Start of Data below
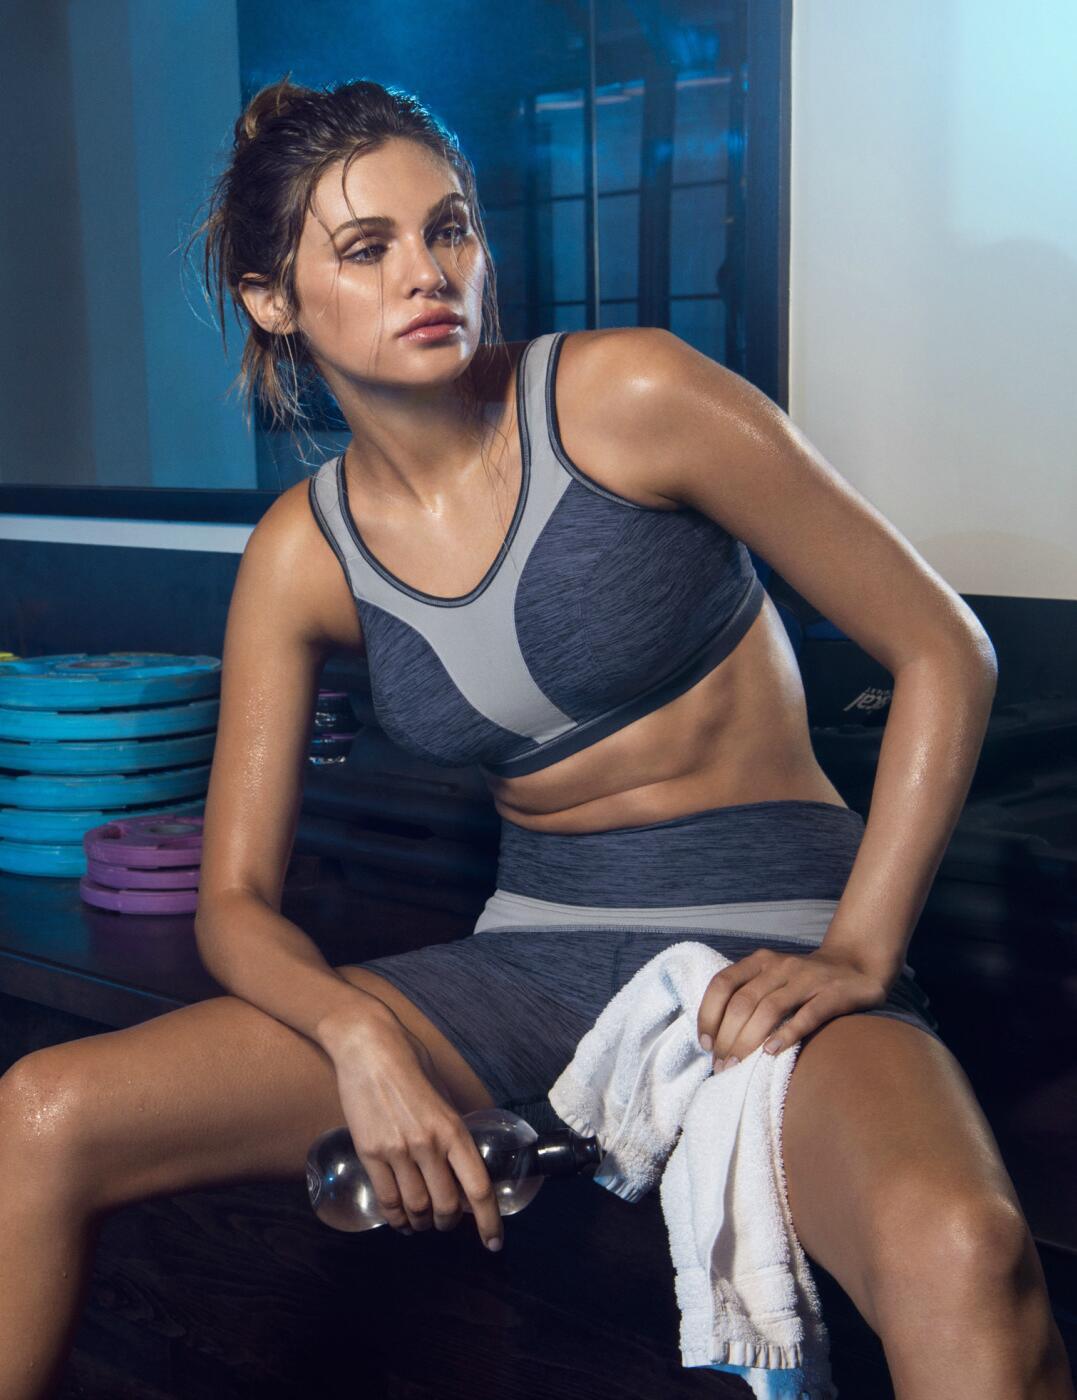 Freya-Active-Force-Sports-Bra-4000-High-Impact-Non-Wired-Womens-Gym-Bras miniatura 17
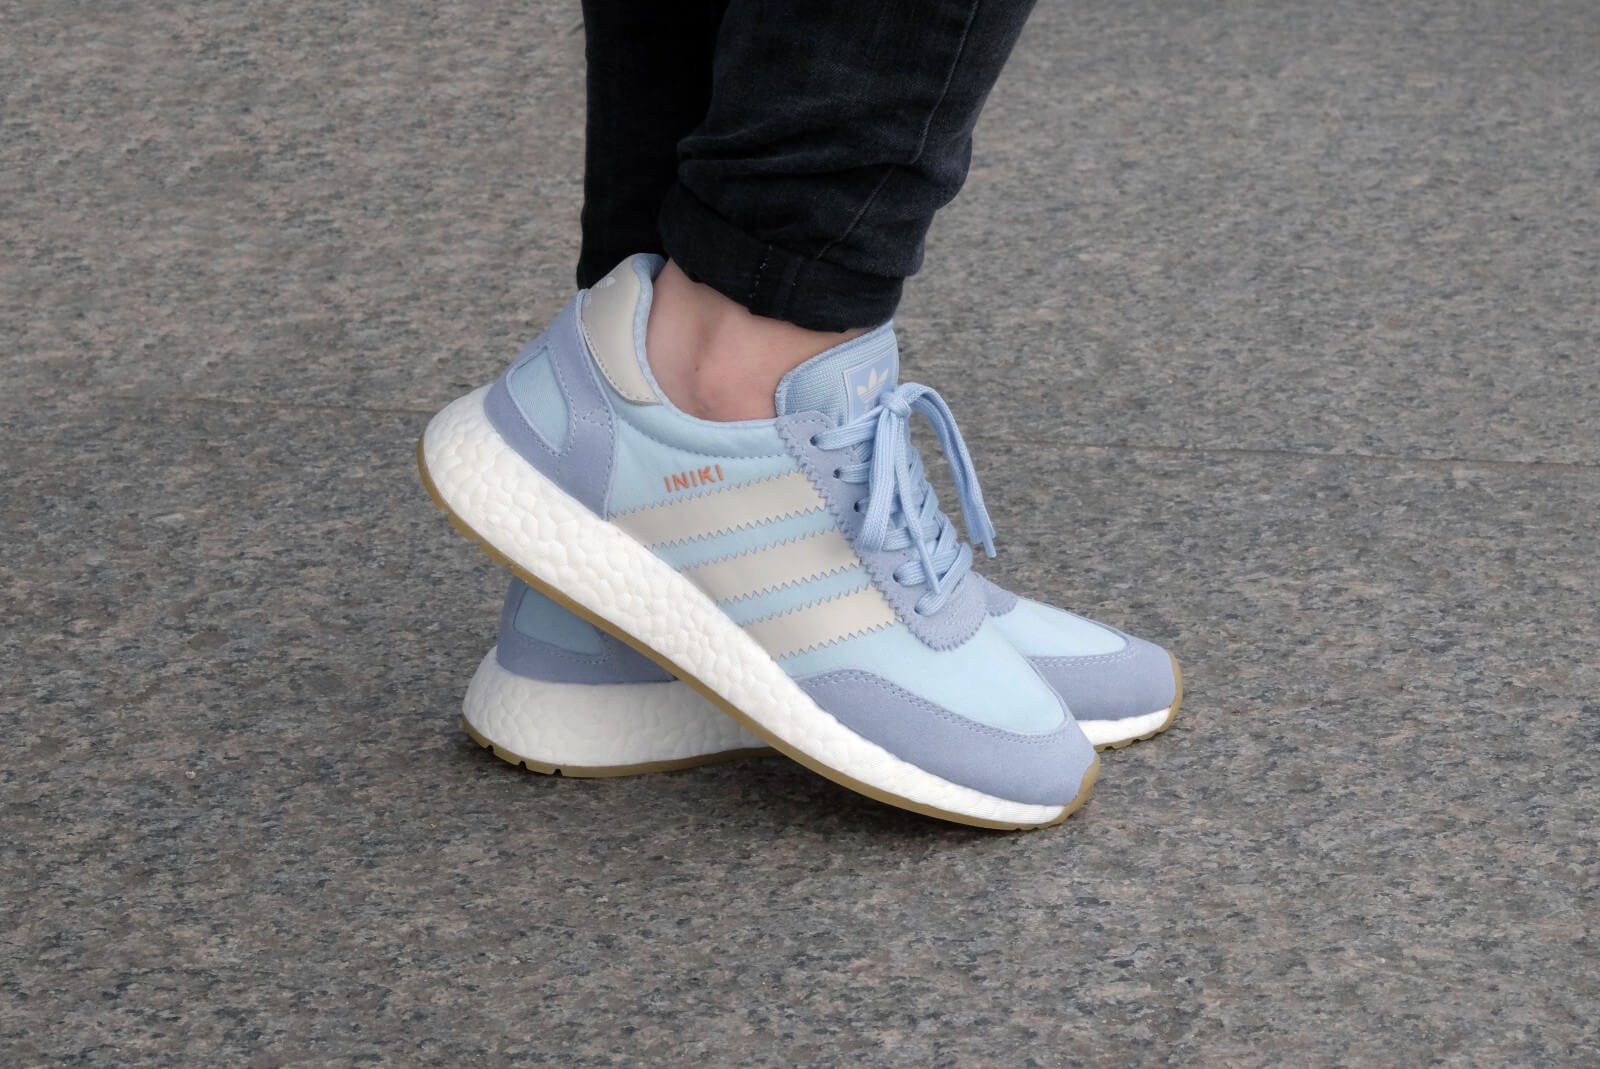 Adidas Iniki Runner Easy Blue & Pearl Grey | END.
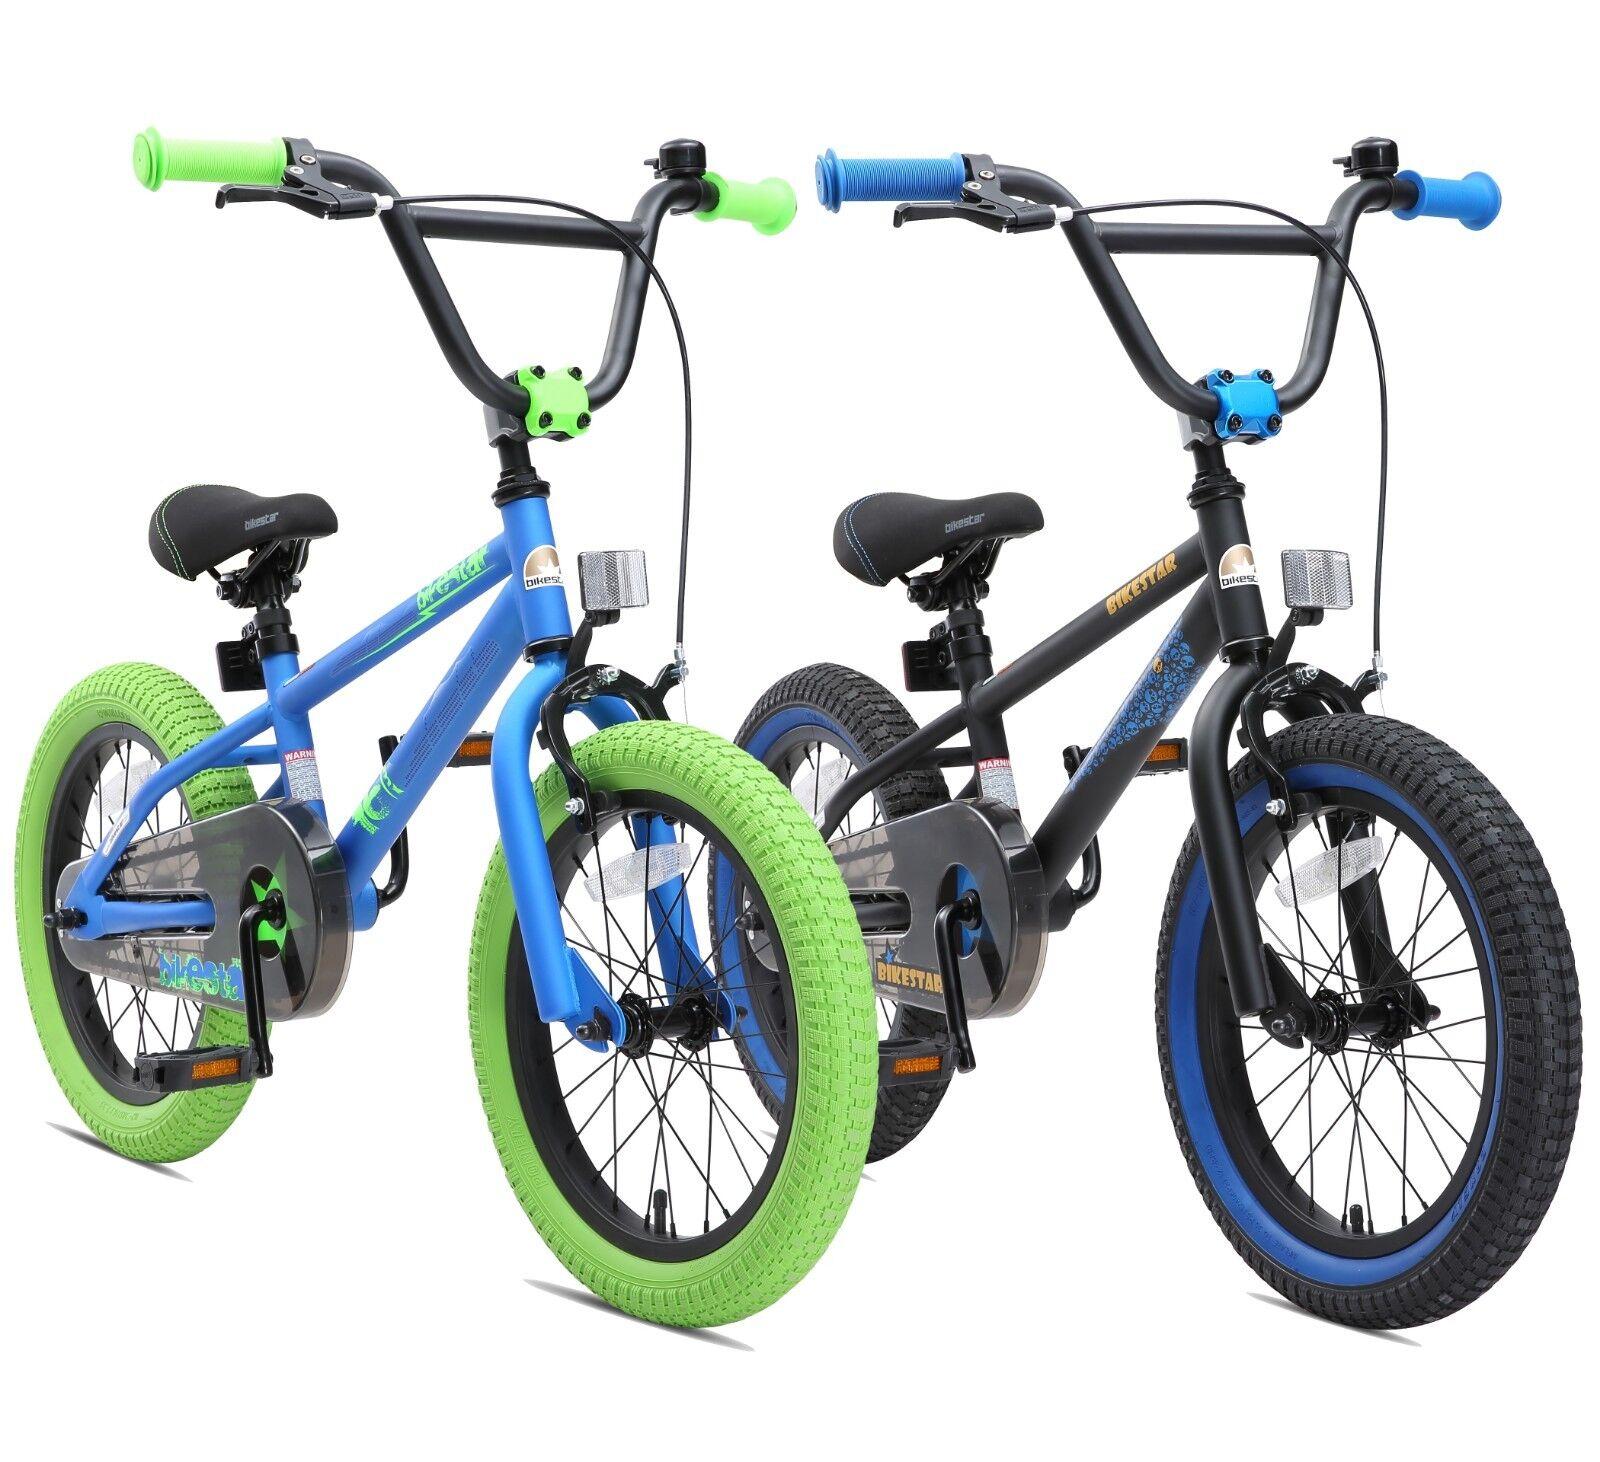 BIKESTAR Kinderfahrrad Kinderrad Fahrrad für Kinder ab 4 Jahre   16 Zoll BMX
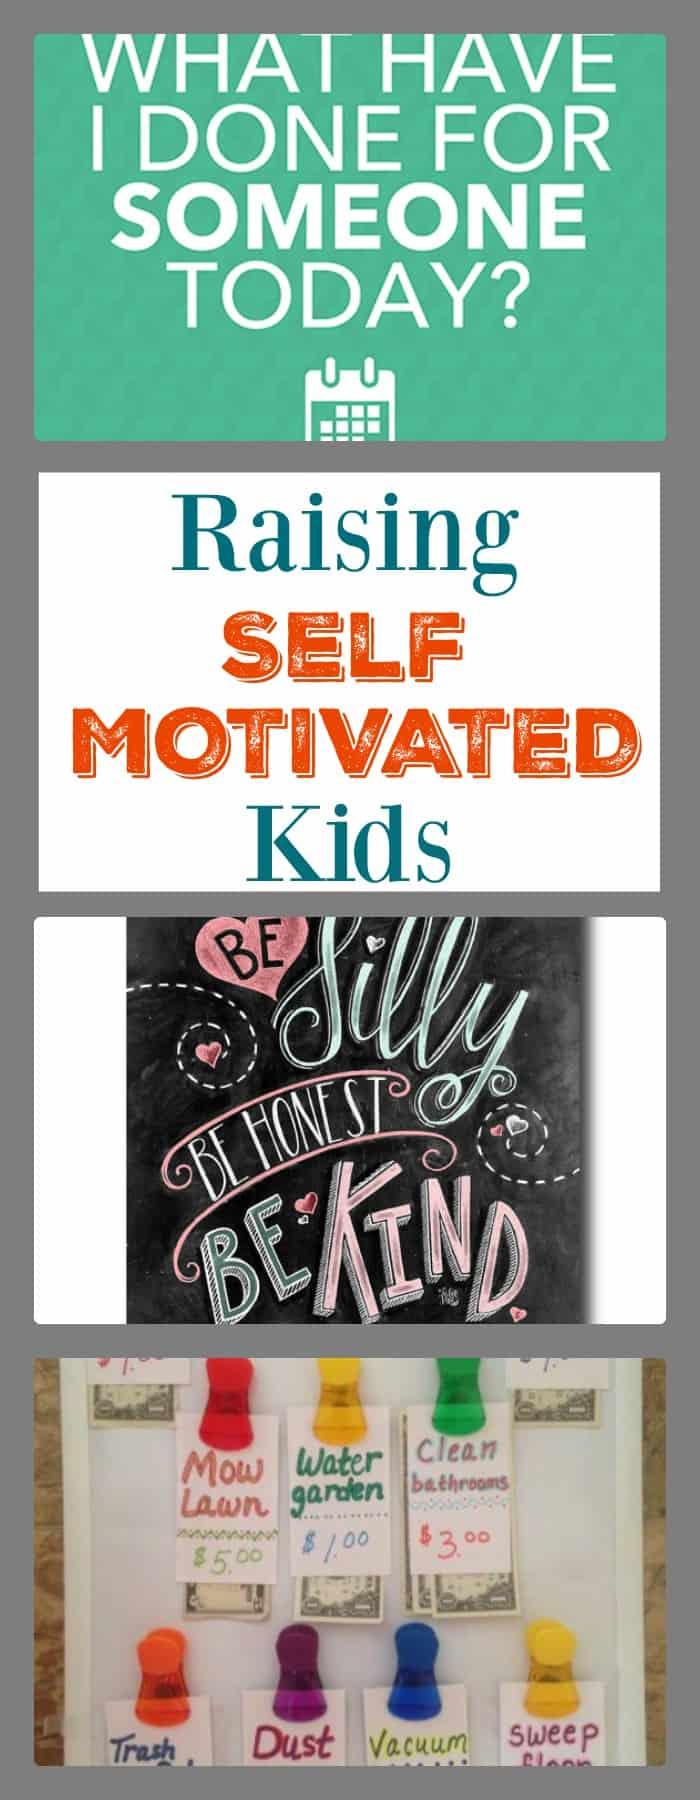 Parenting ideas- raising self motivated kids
End of Data below
The line containing "Adidas Iniki Runner" marks the start: set down exactly that line and every line after it through the last line of the data, without any pictures.

◆ Written answer:
 Adidas Iniki Runner Easy Blue & Pearl Grey | END.
 BIKESTAR Kinderfahrrad Kinderrad Fahrrad für Kinder ab 4 Jahre   16 Zoll BMX
 Parenting ideas- raising self motivated kids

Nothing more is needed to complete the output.